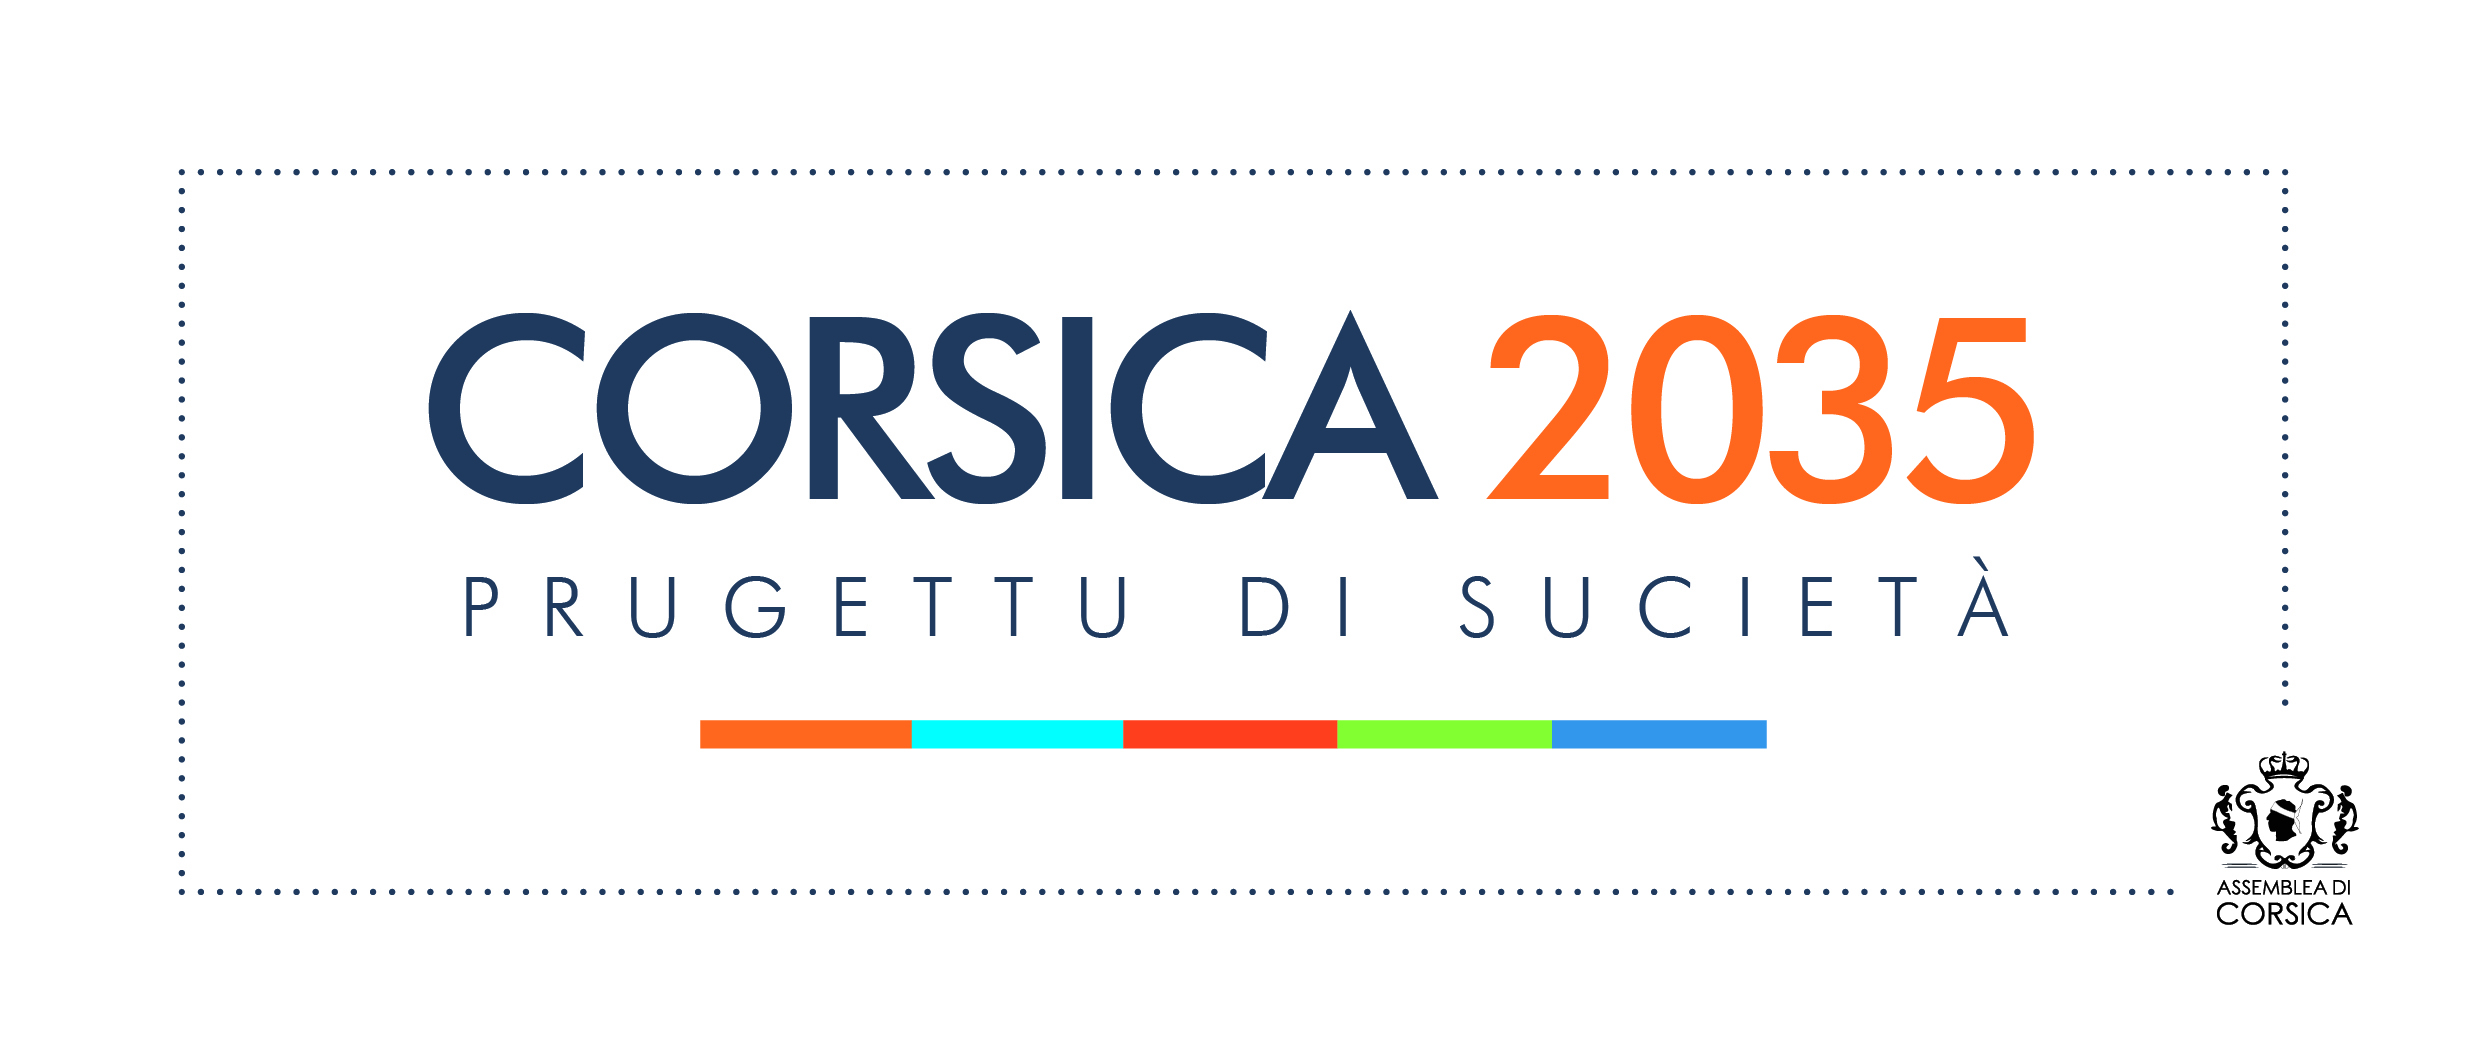 « Corsica 2035 » : Prugettu di sucietà
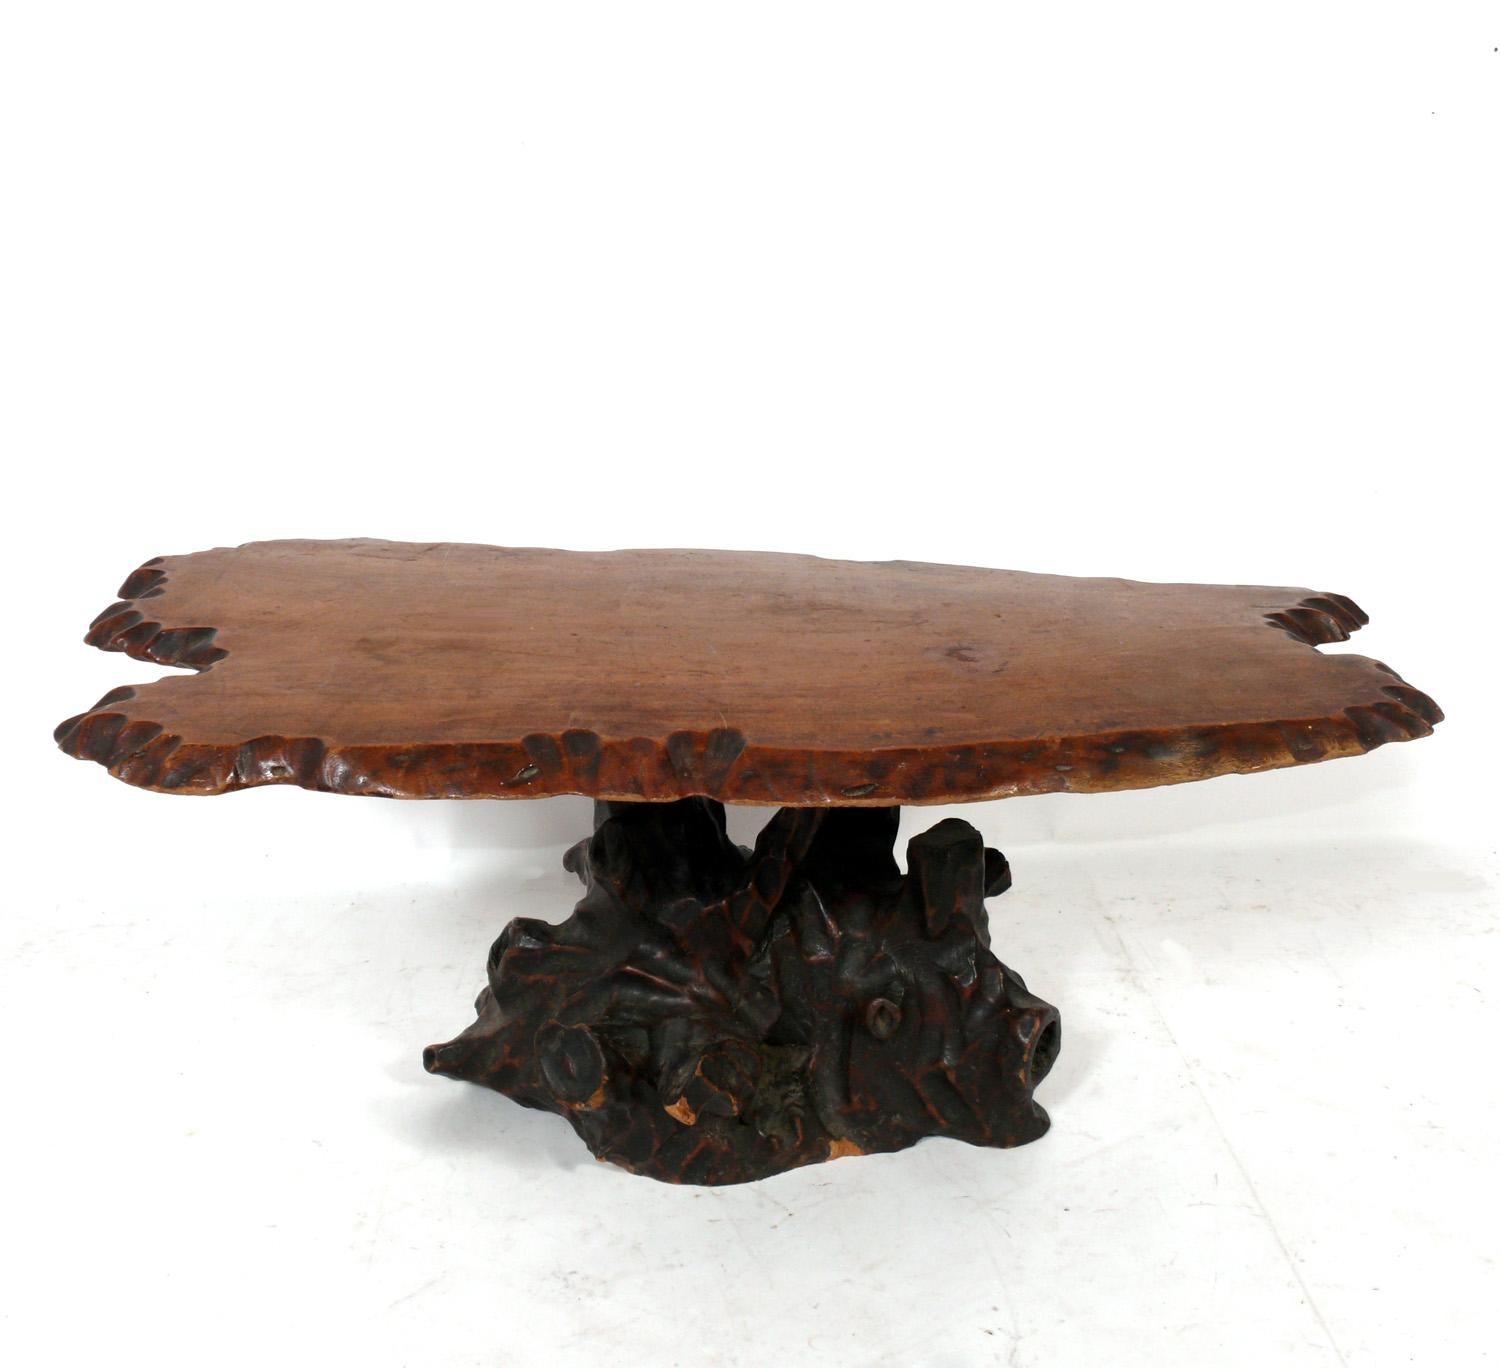 Table basse en bois japonais organique faite à la main, Japon, vers les années 1950. Composé d'un plateau en bois avec un bord sculpté et d'une base en racines organiques. Conserve la chaude patine d'origine. Peut être utilisé comme table basse ou
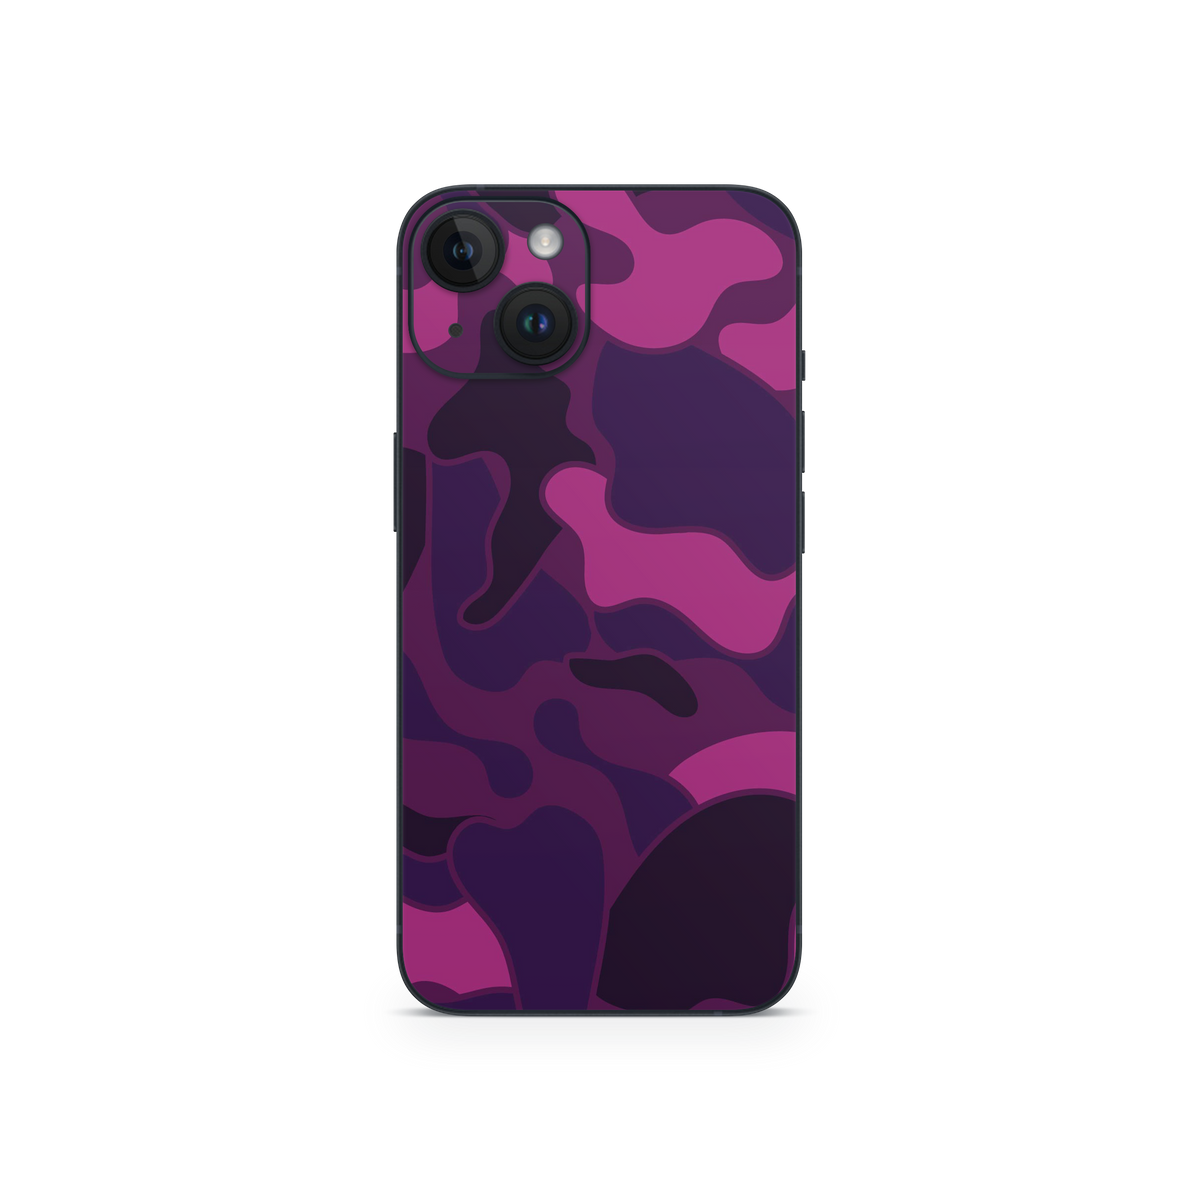 Apple iPhone Ape Camo Purple Skin

* [YOUR OBJECTIVE]
Everything but the pictures is needed: copy the data above exactly.

* [ANSWER SECTION]
 « Corsica 2035 » : Prugettu di sucietà
 Table basse en bois japonais organique faite à la main, Japon, vers les années 1950. Composé d'un plateau en bois avec un bord sculpté et d'une base en racines organiques. Conserve la chaude patine d'origine. Peut être utilisé comme table basse ou
 Apple iPhone Ape Camo Purple Skin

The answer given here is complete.